The plaintiff claims, in effect, that an ordinary consumer would expect <explain plaintiff’s position>. In order to decide this issue of the expectations of a reasonable consumer, you should consider <discuss the way the defect is claimed to have caused the injury>. If you find that an ordinary consumer would expect <the plaintiff's position> and that the product did not meet the expectations that the ordinary consumer would have in this regard, then the plaintiff has proven the existence of a product defect. If an ordinary consumer would not expect <the plaintiff's position>, then the plaintiff has not proved that the design or feature at issue constituted a product defect.

A product seller, under Connecticut law, is not in the position of guaranteeing that no one will ever be injured while using its product, and a product seller is not liable for injuries simply because those injuries occurred during the use of its product.

Absence of Substantial Change

The plaintiff must also prove that the feature or condition that is claimed to be a defect, or to make the product defective, existed at the time that the product left the defendant, that the product was expected to reach the user without substantial change in condition as to the feature claimed to be a defect, and that the product in fact reached the ultimate user without substantial modification.

<Select one of the following, depending on the allegations:>

Proximate Cause
In addition to proving the other elements, the plaintiff must also show that the defect proximately caused the injury or loss.

<Insert appropriate instructions on proximate cause; see Proximate Cause, Instruction 3.1-3 and Proximate Cause - Substantial Factor, Instruction 3.1-4.>

Authority

General Statutes §§ 52-572m, 52-572p; Wagner v. Clark Equipment Co., 243 Conn. 168 (1997); Potter v. Chicago Pneumatic Tool Co., 241 Conn. 199 (1997).

Notes

In cases involving a claimed defect of a product about which the ordinary consumer would not have a basis for having any expectations, this charge, which incorporates the ordinary consumer expectation test, may not be appropriate. In Potter v. Chicago Pneumatic Tool Co., 241 Conn. 199 (1997), the Supreme Court explained that “instructions based on the ordinary consumer expectation test would not be appropriate when, as a matter of law, there is insufficient evidence to support a jury verdict under that test. . . . In such circumstances, the jury should be instructed solely on the modified consumer expectation test . . . .” (Citation omitted.) Id., 222-23. The court explained that “the jury should engage in the risk-utility balancing required by our modified consumer expectation test when the particular facts do not reasonably permit the inference that the product did not meet the safety expectations of the ordinary consumer.” Id., 222. “[U]nder this modified formulation, the consumer expectation test would establish the product's risks and utility, and the inquiry would then be whether a reasonable consumer would consider the product design unreasonably dangerous.” Id., 220-21. “[T]he relevant factors that a jury may consider [under the modified consumer expectation test] include, but are not limited to, the usefulness of the product, the likelihood and severity of the danger posed by the design, the feasibility of an alternative design, the financial cost of an improved design, the ability to reduce the product's danger without impairing its usefulness or making it too expensive, and the feasibility of spreading the loss by increasing the product's price.” (Emphasis in original.) Id., 221.

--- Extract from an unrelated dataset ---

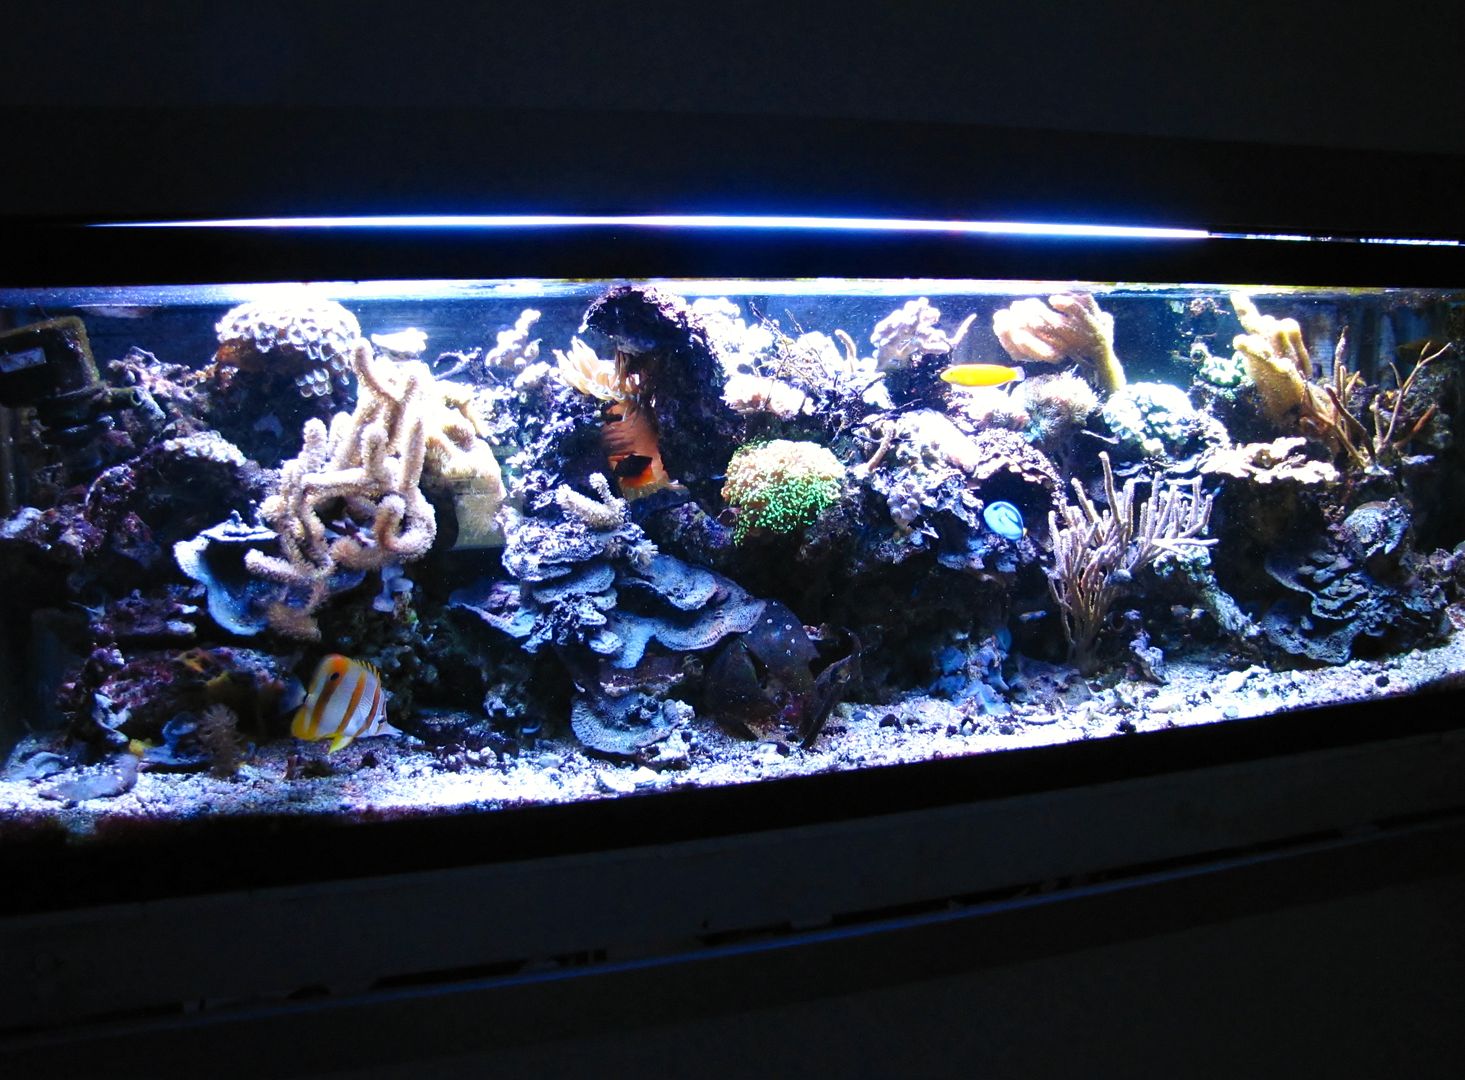 55 gallons freshwater fish tank (mostly fish and non-living decorations) -  Mangrove Forest
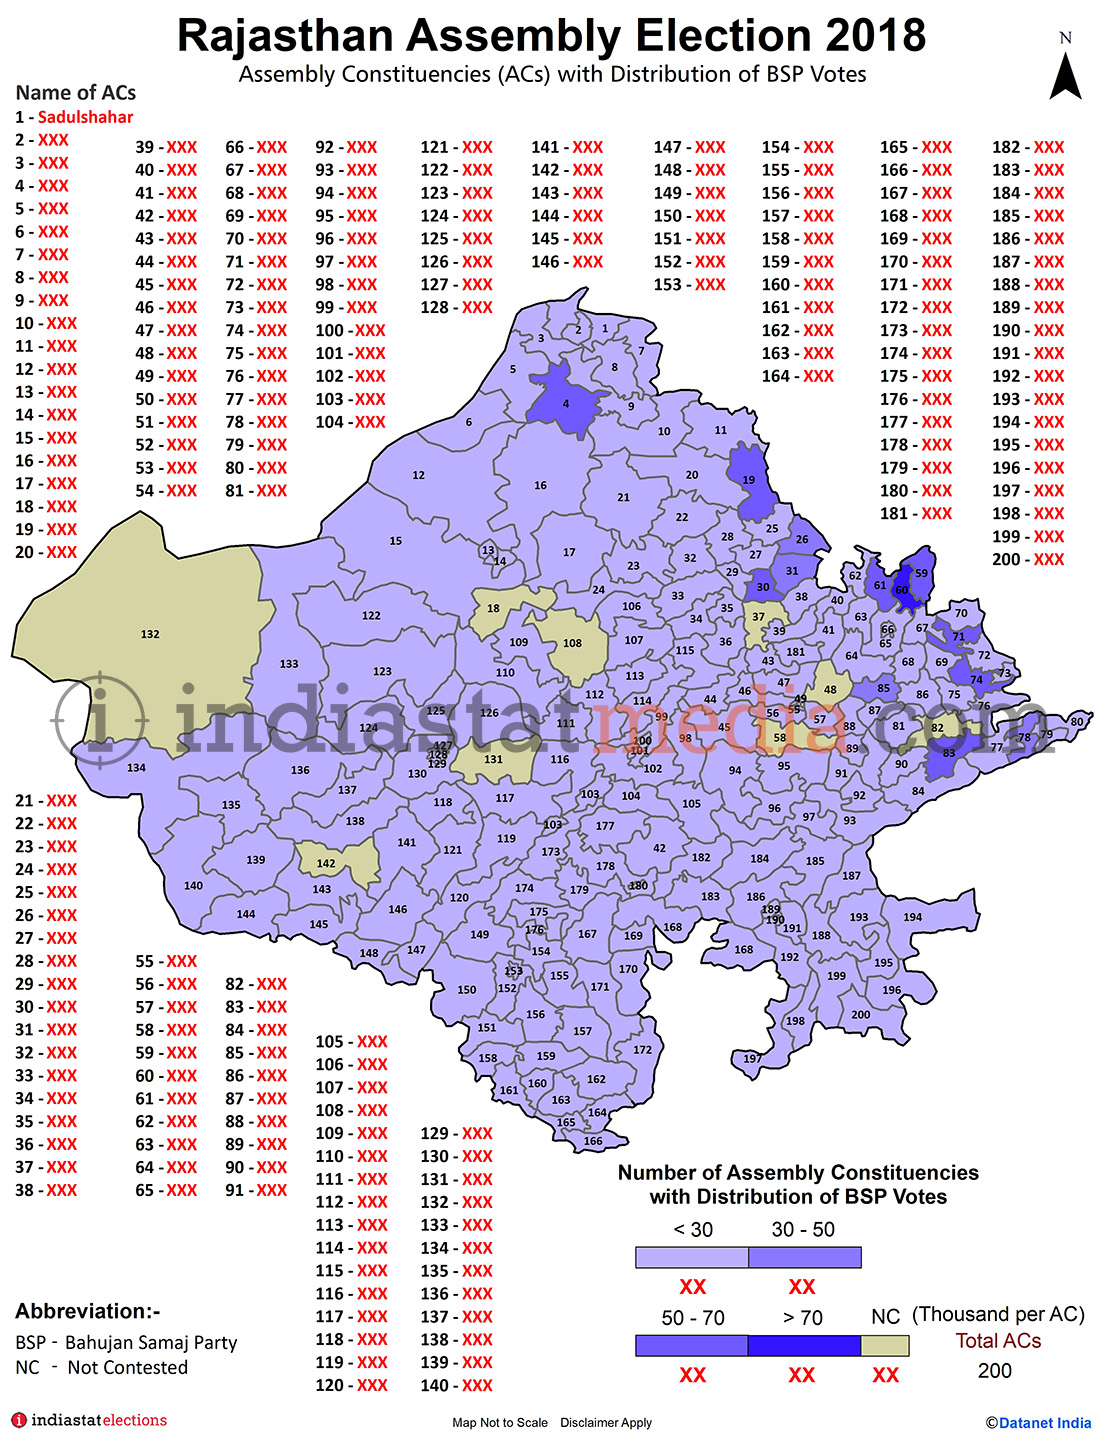 Distribution of BSP Votes by Constituencies in Rajasthan (Assembly Election - 2018)

The court further explained that “it is the function of the trial court to determine whether an instruction based on the ordinary consumer expectation test or the modified consumer expectation test, or both, is appropriate in light of the evidence presented. In making this determination, the trial court must ascertain whether, under each test, there is sufficient evidence as a matter of law to warrant the respective instruction.” Id., 223.

It is hard to envision a court giving both instructions.